'GURUKU ISTRIKU, SURGA DUNIAKU, DAN BIDADARI HATIKU.'
***
Dia adalah gurunya, dia adalah muridnya. Sebuah cinta terlarang yang berakar di antara halaman-halaman buku teks dan derap langkah di koridor sekolah. Empat tahun lebih mereka menyembunyikan cinta yang tak seharusnya, berjuang melawan segala rintangan yang ada. Namun, takdir, dengan segala kejutannya, mempertemukan mereka di pelaminan. Apa yang terjadi selanjutnya? Petualangan cinta mereka yang penuh risiko dan janji baru saja dimulai...
--- INI ADALAH SEASON 2 DARI NOVEL GURUKU ADALAH PACARKU ---
Karya ini diterbitkan atas izin NovelToon Grace caroline, isi konten hanyalah pandangan pribadi pembuatnya, tidak mewakili NovelToon sendiri
Bab 31. Kamu Segalanya
Setelah bercakap-cakap sebentar dengan mama Zora dan bermain-main dengan baby Aline. Kaesang dan Tyas bergegas menuju ke rumah orang tua Tyas untuk memberitahukan kepada orang tua Tyas tentang kehamilan Tyas. Mobil melaju dengan kecepatan sedang, menembus keramaian sampai akhirnya tiba di depan rumah sederhana namun asri milik orang tua Tyas.

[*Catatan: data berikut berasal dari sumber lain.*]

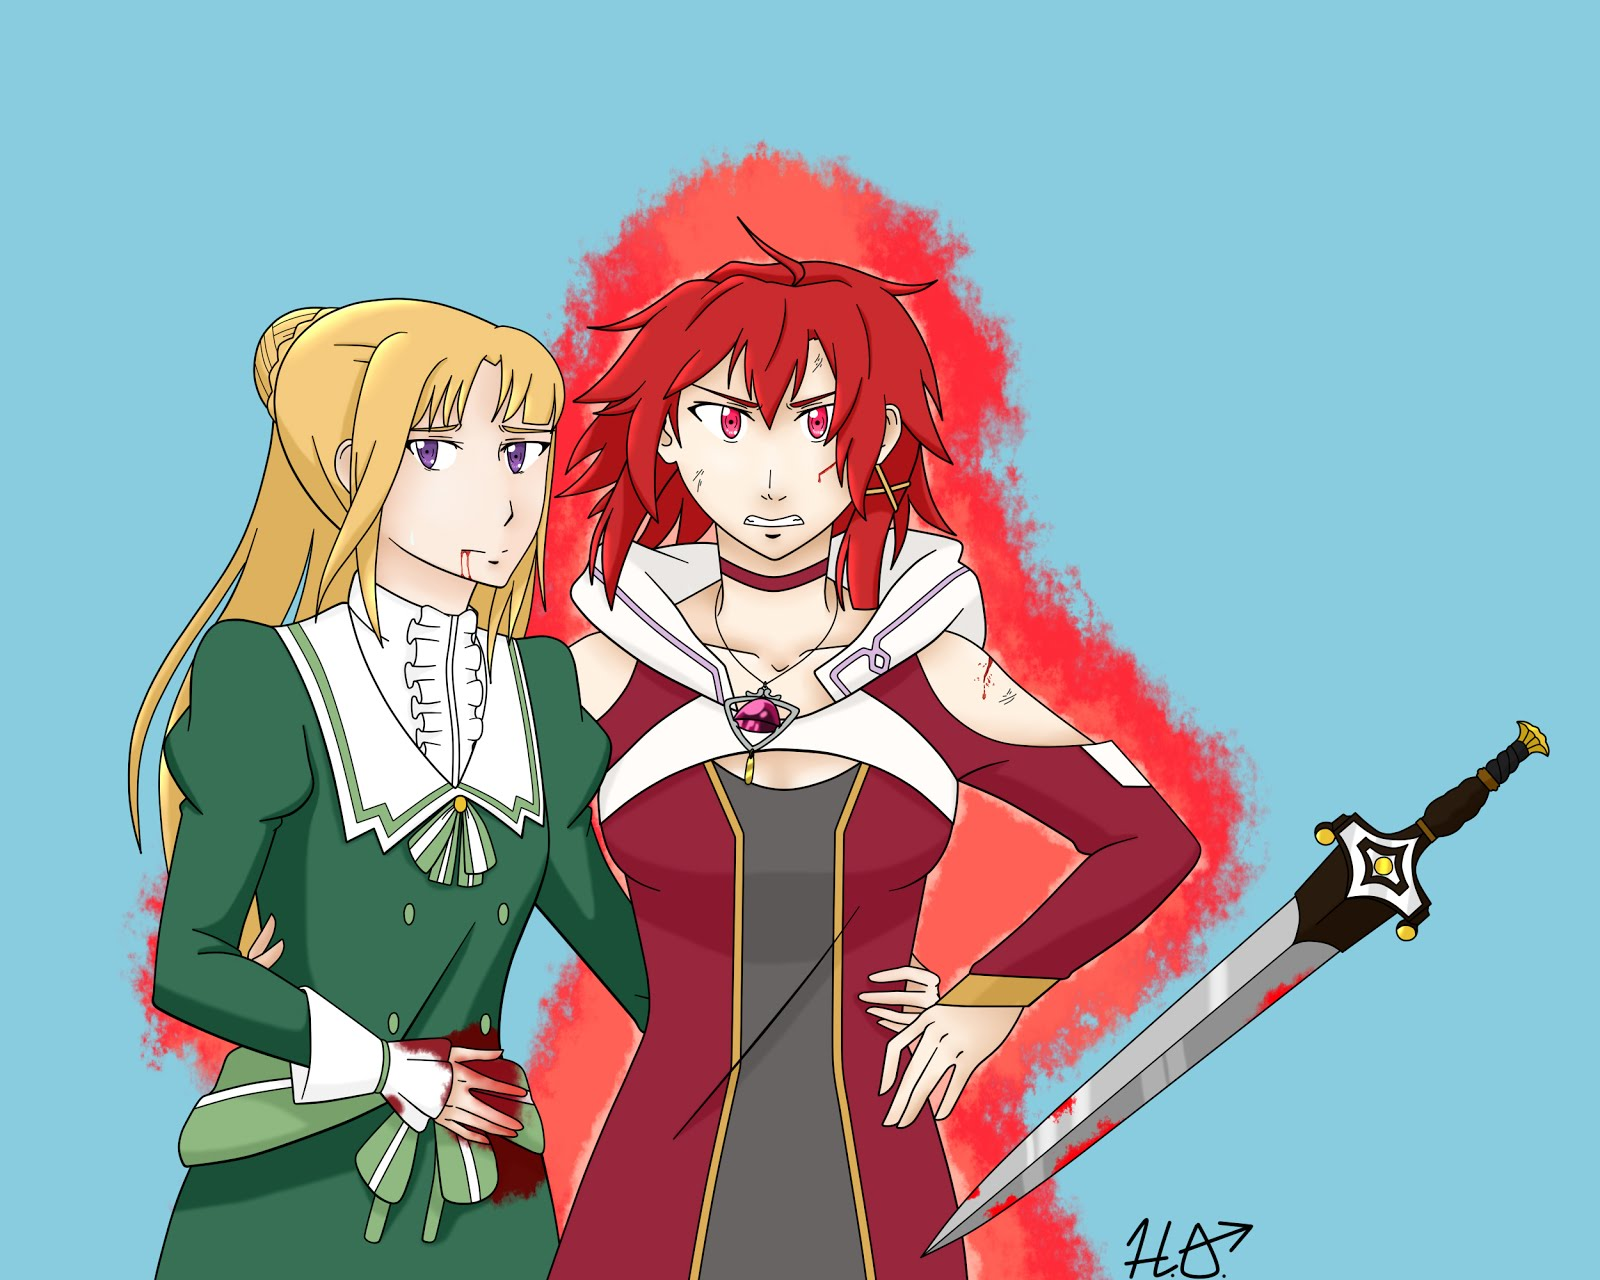 Izetta and Finé

Mereka turun dari mobil, dan melangkah menuju pintu. Kaesang mengetuk pintu dan tak lama pintu terlihat terbuka dari dalam. Bunda Tyas terlihat menatap mereka lama, matanya sayup-sayup seperti baru bangun tidur. Tapi tak lama setelah itu matanya langsung membola, senyumnya merekah dan ia mempersilakan Kaesang dan Tyas untuk masuk.
Mereka bertiga duduk di sofa di ruang tamu. "Kalian baru dateng? Bunda sama Ayah udah kangen loh sama kalian," ujar Bunda Tyas dengan haru, suaranya sedikit bergetar. Seulas air mata berkilau di matanya, menunjukkan betapa rindunya ia pada Tyas dan Kaesang.
Senyum Tyas merekah, hangat dan tulus. Ia menggenggam erat tangan bundanya, mata berkaca-kaca menahan haru. Ia sangat merindukan bunda dan ayahnya. "Maafin Tyas sama Kaesang ya Bun karena beberapa minggu ini kami nggak datang ke rumah. Soalnya Kaesang juga sibuk sama kuliah dan kerjaannya di kantor. Terus aku juga sibuk ngajar sama moodku itu naik turun beberapa minggu ini. Aku..." Tyas tidak melanjutkan ucapannya karena merasa ragu, wajahnya berubah murung dan hal itu membuat alis Bunda Tyas mengerut.
"Kamu kenapa? Kamu baik-baik aja kan?" tanya bunda Tyas khawatir. Ia bahkan menatap semua bagian tubuh Tyas, membolak-balikkan tangannya.
Tyas menggeleng, wajahnya yang tadinya murung perlahan tergantikan oleh senyum yang manis. Ia tahu kekhawatiran bundanya kepadanya, tapi...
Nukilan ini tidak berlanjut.